Elaine Campione had accused Leo of assaulting her and Serena in the fall of 2005. A judge stayed those charges pending the conclusion of this trial. While Leo Campione was not in the docket here, and no court has weighed the evidence against him, he was routinely described as a wife-beater, on the allegation of a woman accused of murder.
If nothing else, Leo Campione’s claim that his wife was an unfit custodial parent, incapable of taking proper care of the girls, might even present a danger to them, was sadly borne out.
Expert psychiatric witnesses called to support the respective positions of prosecution and defence largely cancelled each other out, though there was agreement, at minimum, that had Campione borderline personality traits with unspecified psychosis.
Yet Campione doesn’t appear or sound psychotic in the hugely damaging videotape she made the night she killed her daughters.
It begins with a cozy family scene — Sophia splashing in the tub, Serena colouring — but ends with a hate-infused rant aimed at her husband. Staring into the camera, Campione spits out invective, claiming she’s taken a lethal dose of drugs and will soon join their daughters in a better, safer place, away from him.
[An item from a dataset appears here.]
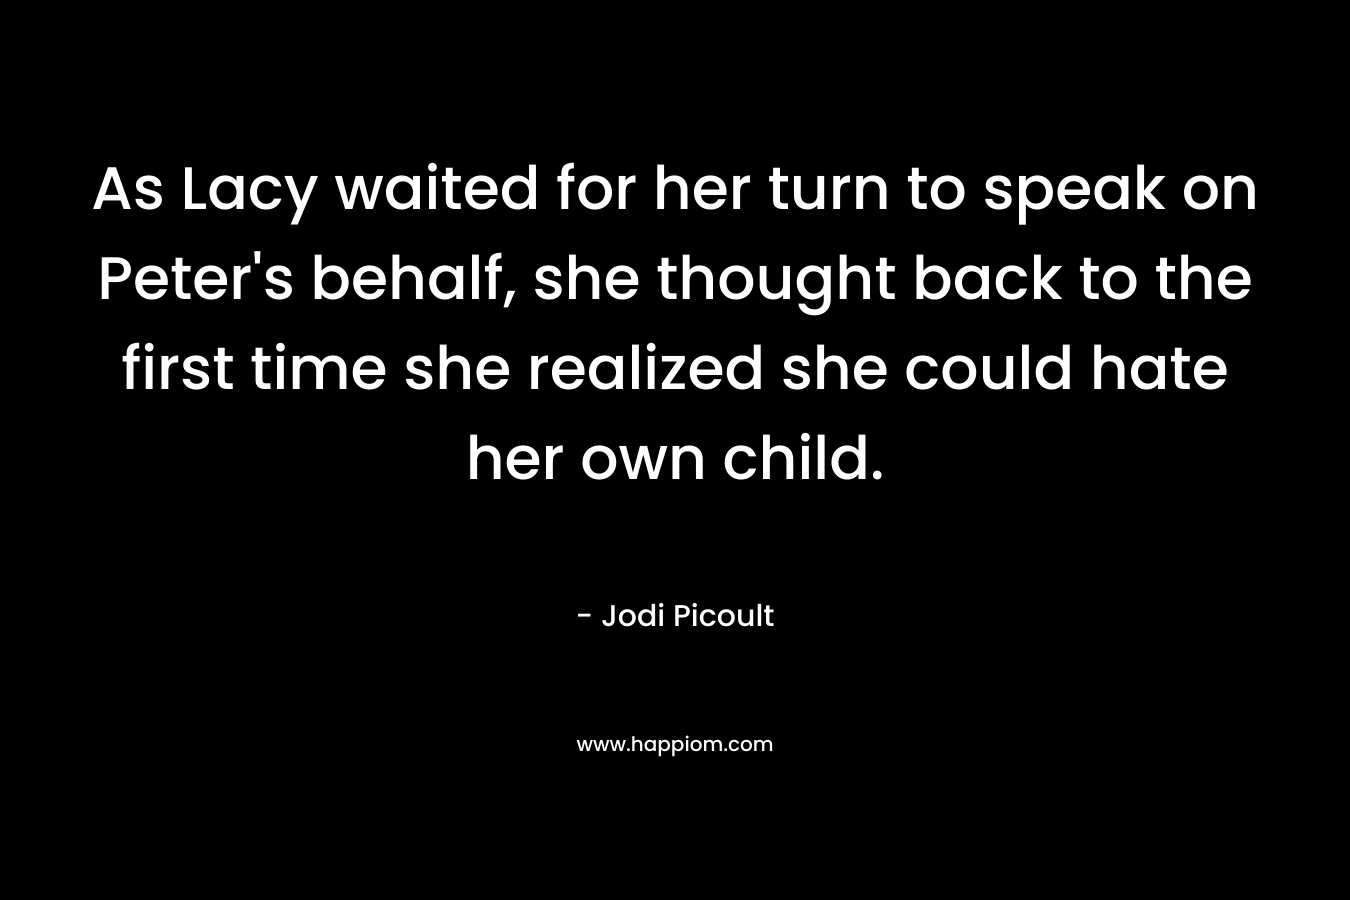 As Lacy waited for her turn to speak on Peter’s behalf, she thought back to the first time she realized she could hate her own child. – Jodi Picoult

“There, are you happy now?” Campione snarls. “How does it feel?”
After two full nights and one full day in the company of her daughters’ corpses — groomed, dressed in pretty nightclothes, laid out in mama’s bed — Campione call police and reported the deaths.
Police found the dead sisters clasping cold fingers, rosary entwined, along with funeral instructions and clothes for their burial neatly folded.
On the videotape, Elaine Campione declares: “I was a perfect wife . . . I was a great mother.”